Second five-year limitation imposed

A second Wanaka gravel supplier has been limited to a five-year consent period for its operations in the Cardrona River bed because of increasing tensions between rural and residential activities on the town's outskirts.

The situation should be reviewed in five years and any further consent application dealt with on its merits at that time, independent Queenstown Lakes District commissioners Trevor Shiels and Lou Alfeld said.

Upper Clutha Transport Ltd wanted to extract 20,000cu m of gravel each year for 10 years but has been granted a five-year term by the commissioners in a decision released last week.

In December, Wanaka Landfill Ltd also obtained consent to extract a similar amount of gravel for five years, but had wanted a 15-year term.

In both cases, the companies would be stockpiling and processing gravel on adjacent sites near the Ballantyne Rd bridge but cannot bring in additional material from other extraction sites.

(Wanaka Landfill Ltd has since appealed to the Environment Court and the mediation process has begun. A hearing may not be scheduled for several months.)

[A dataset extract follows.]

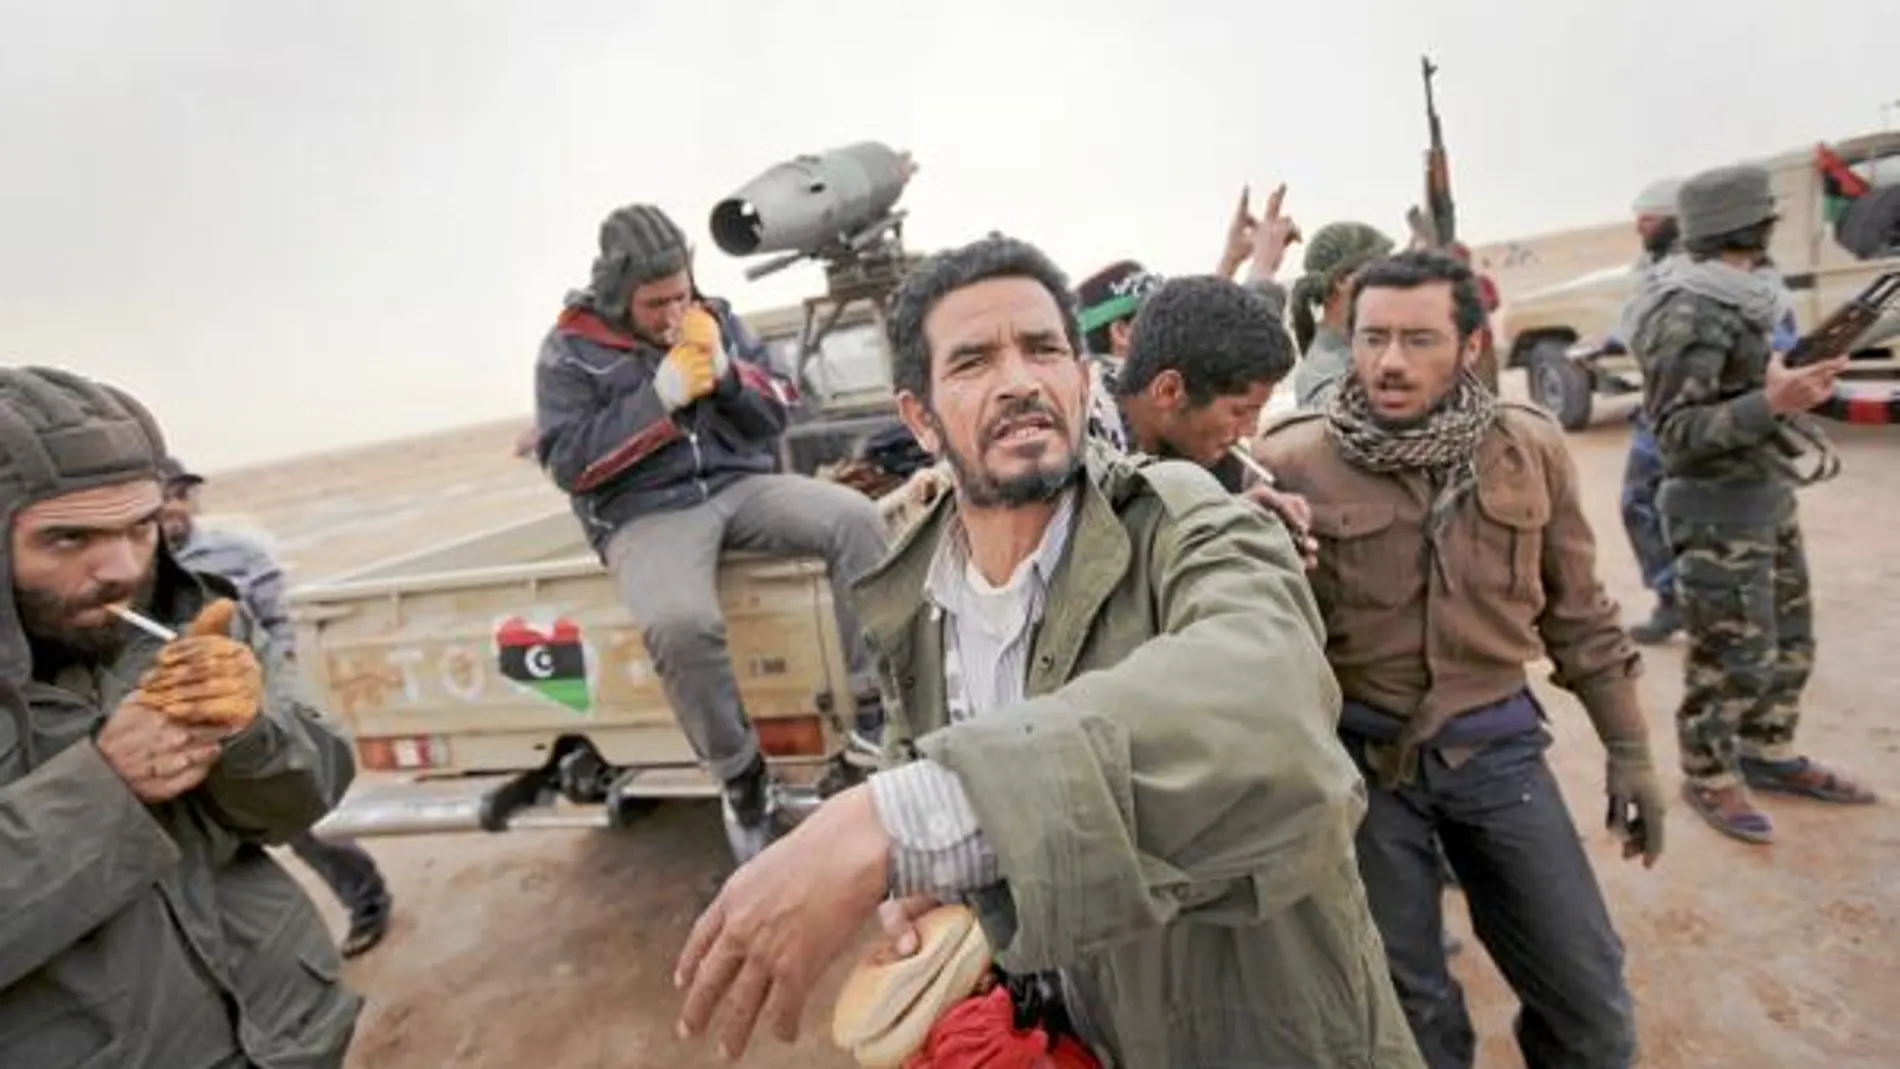 Rebeldes libios tras conocer que un avión había bombardeado ayer sus posiciones
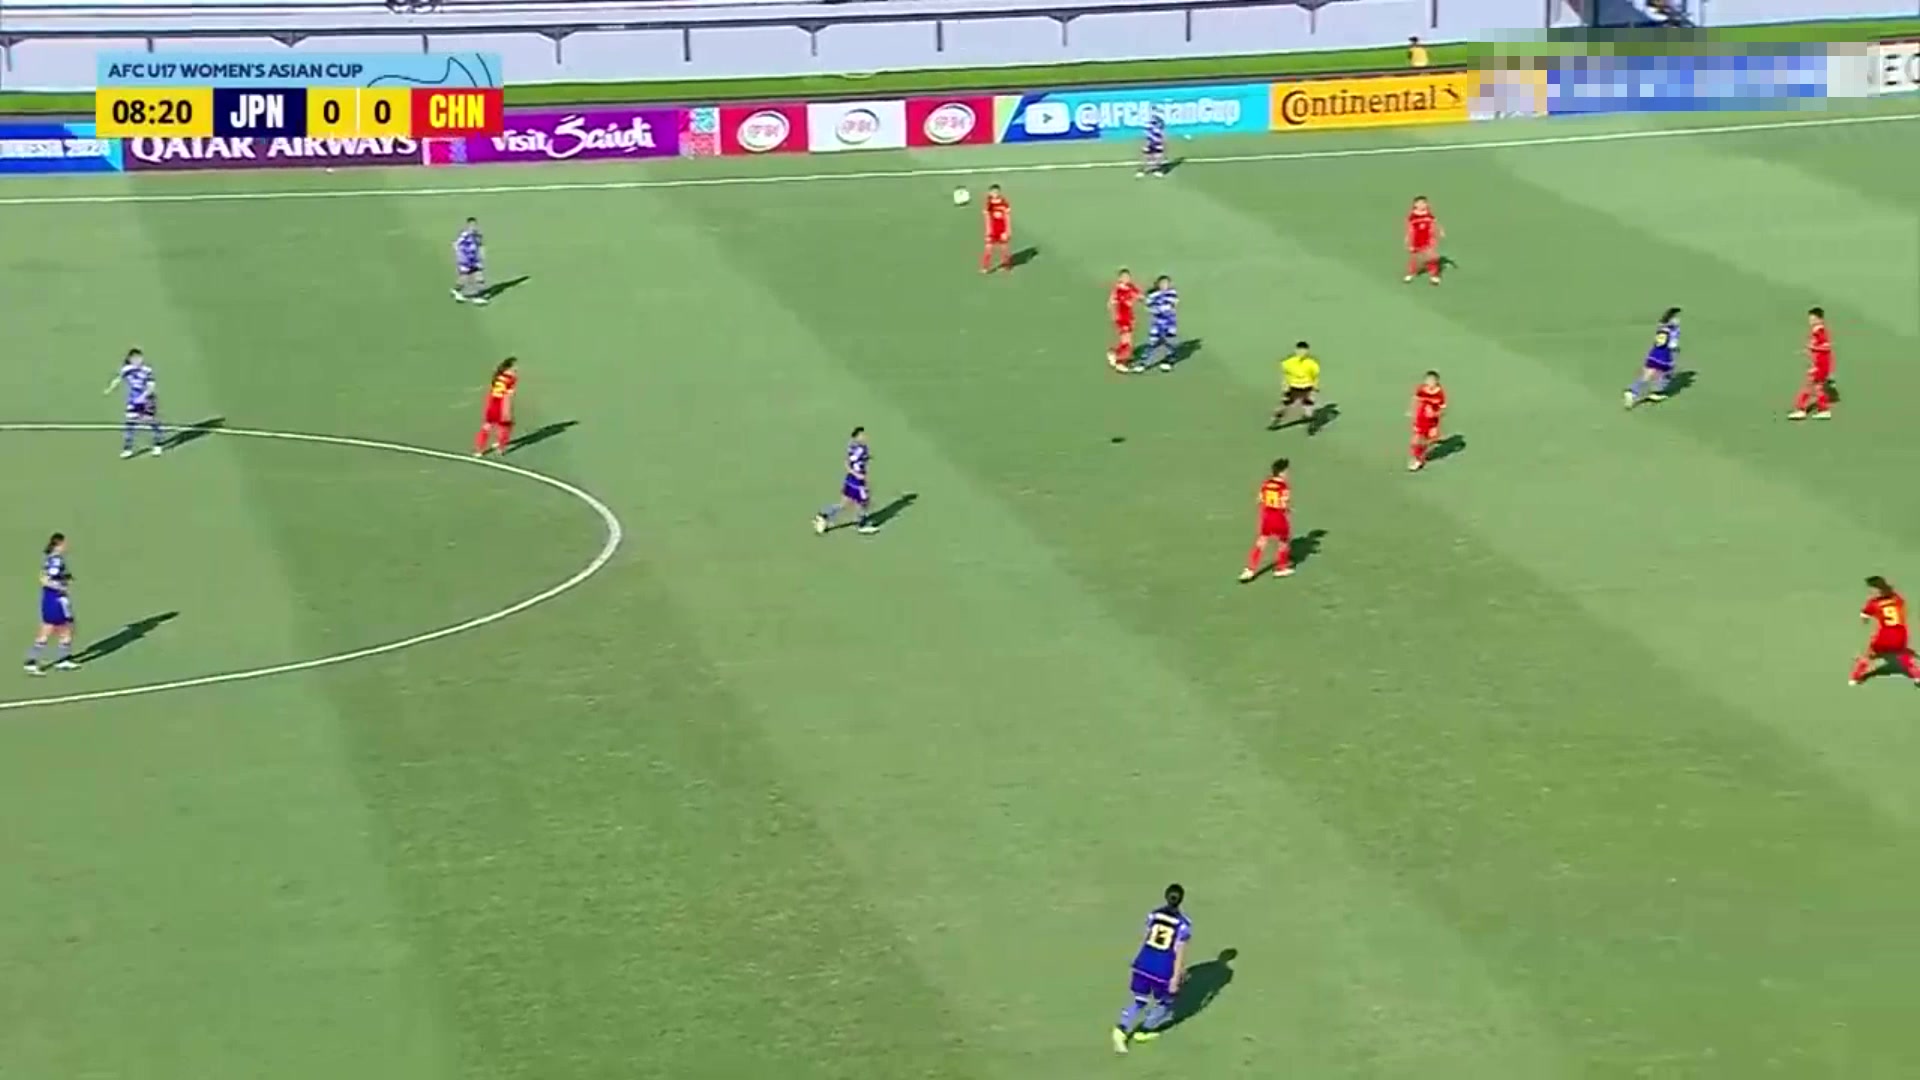 【集锦】U17女足亚洲杯中国04日本遭惨败第二出线将对阵朝鲜

The commissioners determined in both cases that the Cardrona River gravel-extraction sites were part of an "outstanding natural feature" which attracted the toughest planning regulations with respect to visual effects.

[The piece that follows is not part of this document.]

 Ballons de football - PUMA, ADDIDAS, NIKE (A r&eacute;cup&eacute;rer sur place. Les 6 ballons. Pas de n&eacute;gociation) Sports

Conditions were imposed on both gravel extractors so the adverse visual effects would be "no more than moderate".

" . . . [T]he changing character of the neighbourhood means that there is a present, and growing, tension between such activities and the increasing rural-residential character. Having regard to all the circumstances, and in particular that factor, we have decided that a limited life consent for extraction and storage is appropriate," the commissioners said.